Volo Protocol, a liquid staking platform on the Sui Network, was hacked on April 22, 2026, resulting in the theft of approximately $3.5 million from WBTC, XAUm, and USDC vaults. This is the first physical security breach witnessed by the protocol in its 18-month history.
The team pledged to fully absorb losses, confirming that approximately $28 million in total value locked (TVL) in unaffected vaults remains safe after a flash freeze of vaults successfully contained the breach.

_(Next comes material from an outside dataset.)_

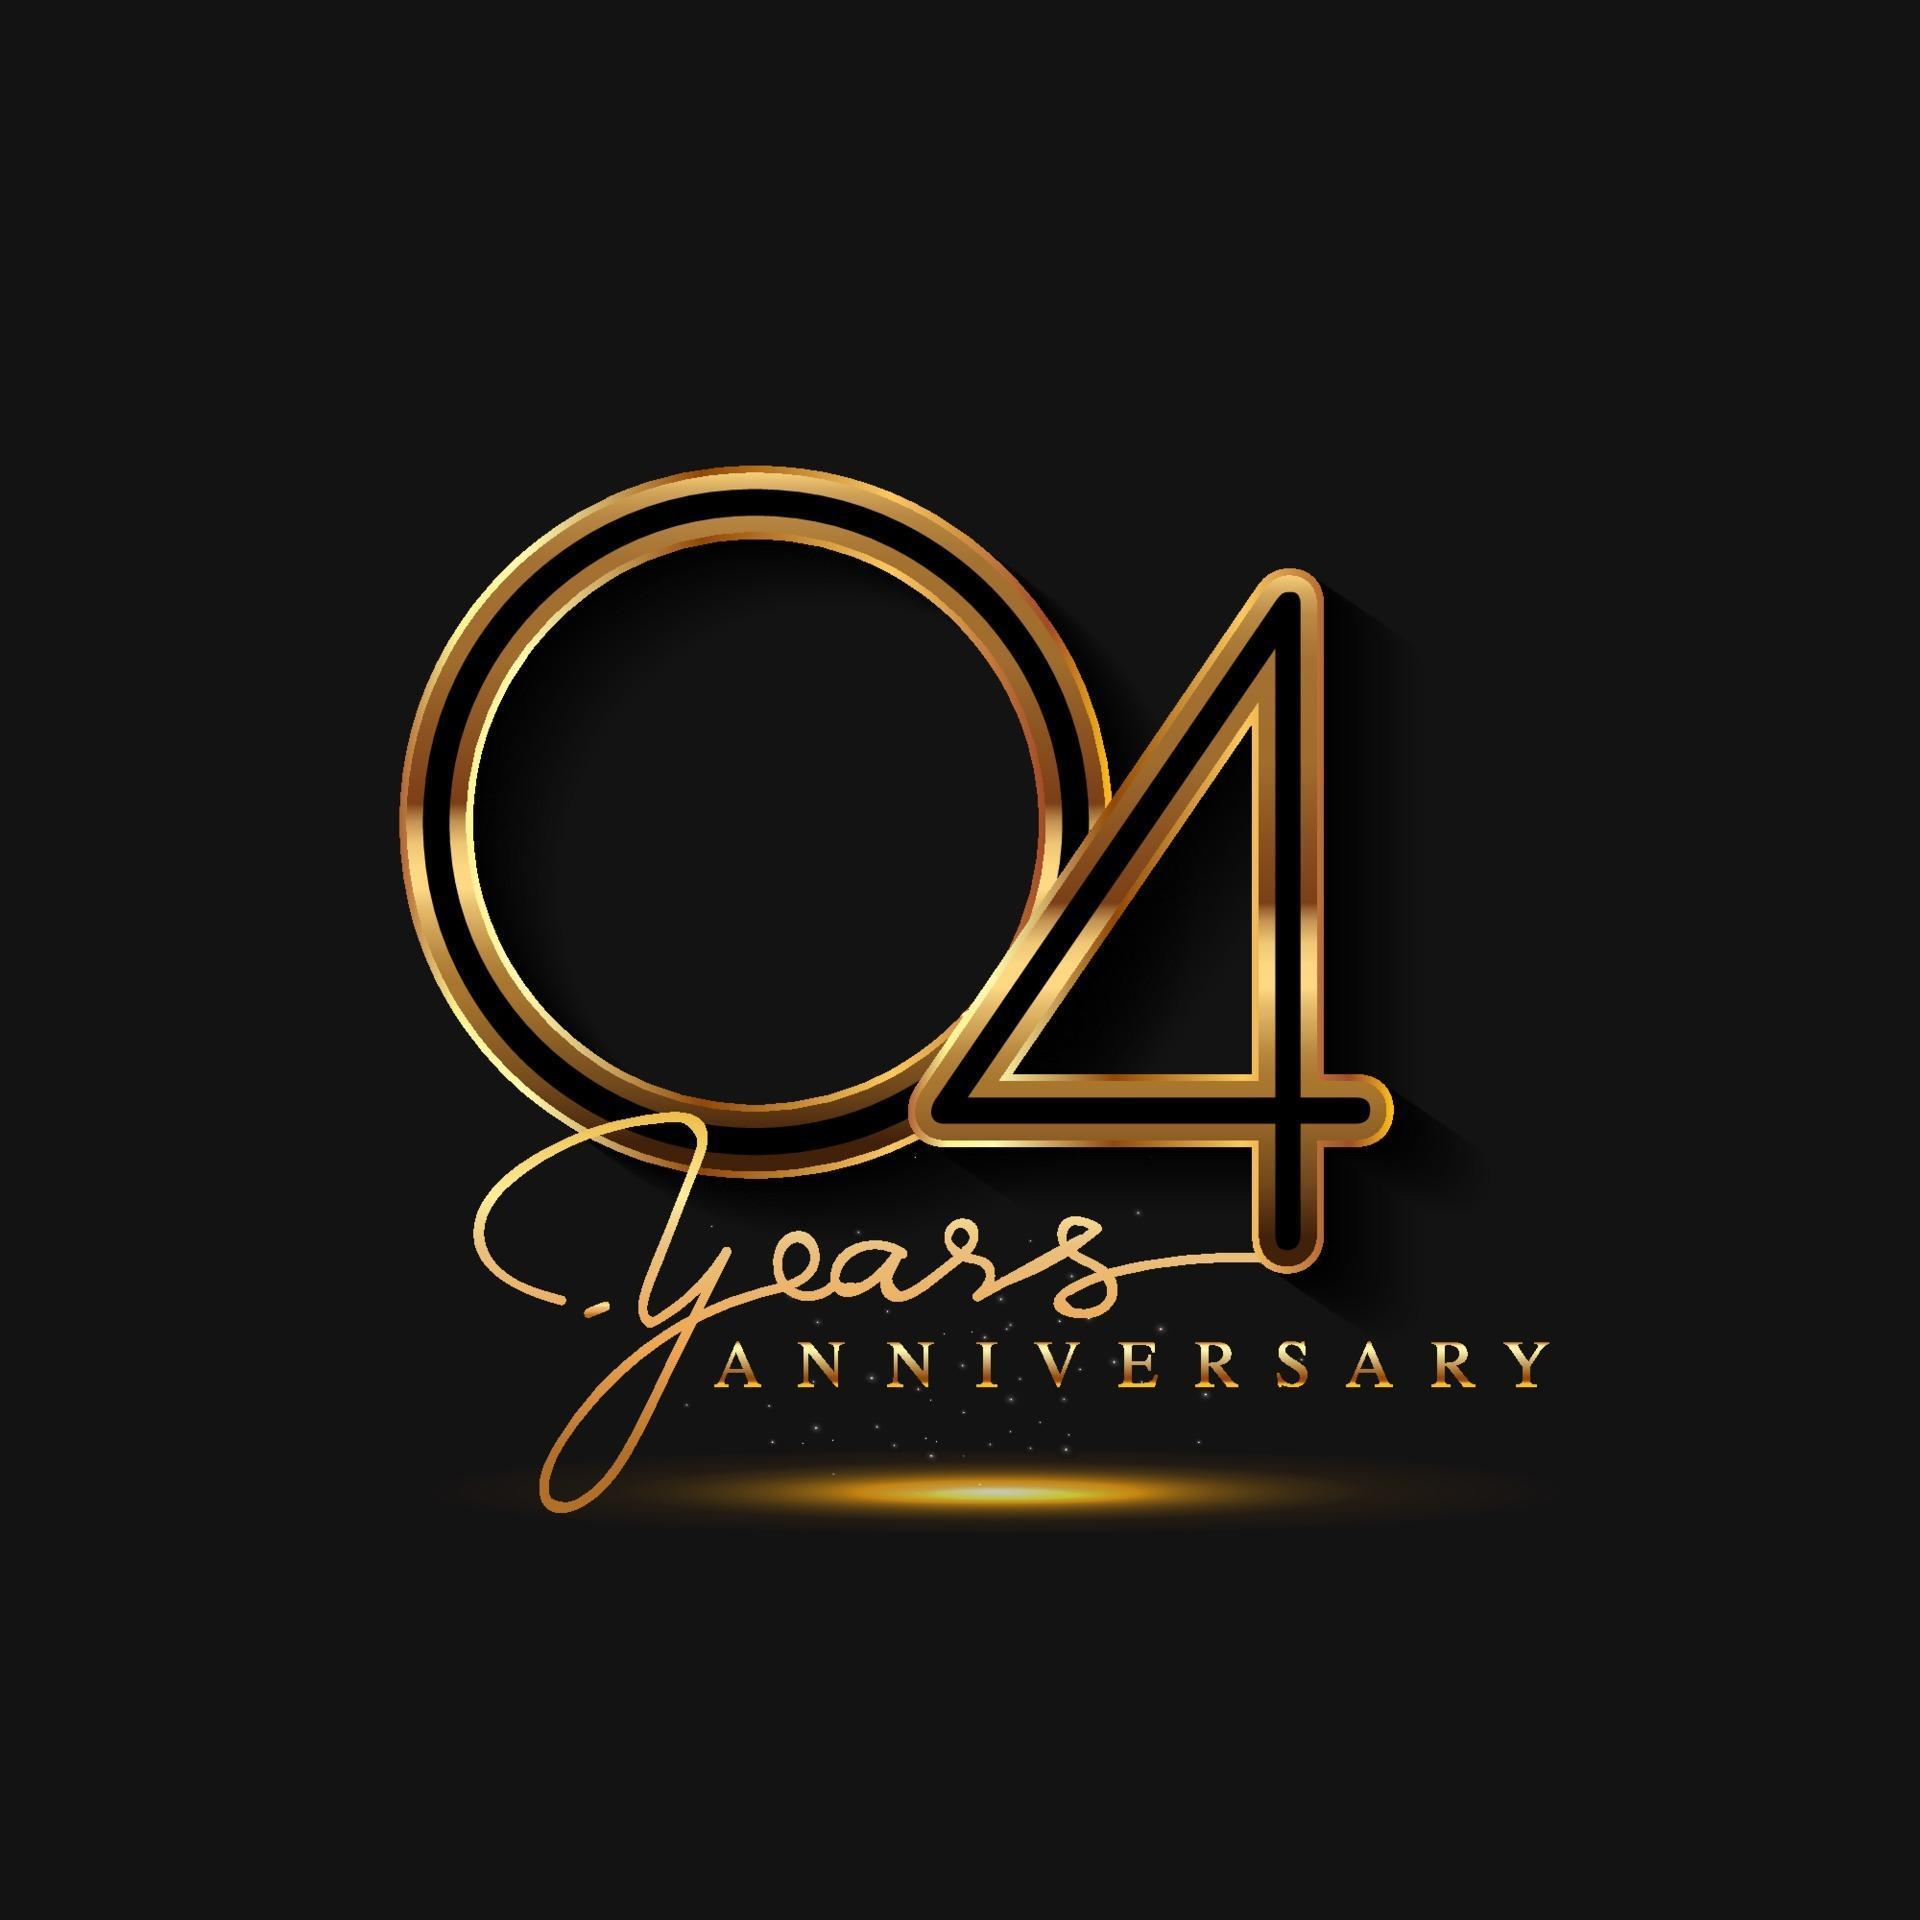 4 Years Anniversary Logo Golden Colored isolated on black background ...

The fundamental question raised by this incident is not whether Volo failed or not; he failed; The question is whether this represents an implementation flaw specific to Volo only, or a structural signal of risk in the rapidly expanding DeFi ecosystem of Sui Network, which had over $1.2 billion in value locked just before the incident.
- Penetration volume: Withdrawal of $3.5 million from WBTC, XAUm and USDC vaults in Volo protocol on April 22, 2026.
- Protocol context: Volo, a liquid staking platform based in Sui, had a locked value of approximately $31.5 million before the incident; The safety of $28 million in unaffected safes has been confirmed.
- Team response: The Volo team is committed to bearing all user losses; The safes were frozen within hours of the operation being discovered to prevent further damage.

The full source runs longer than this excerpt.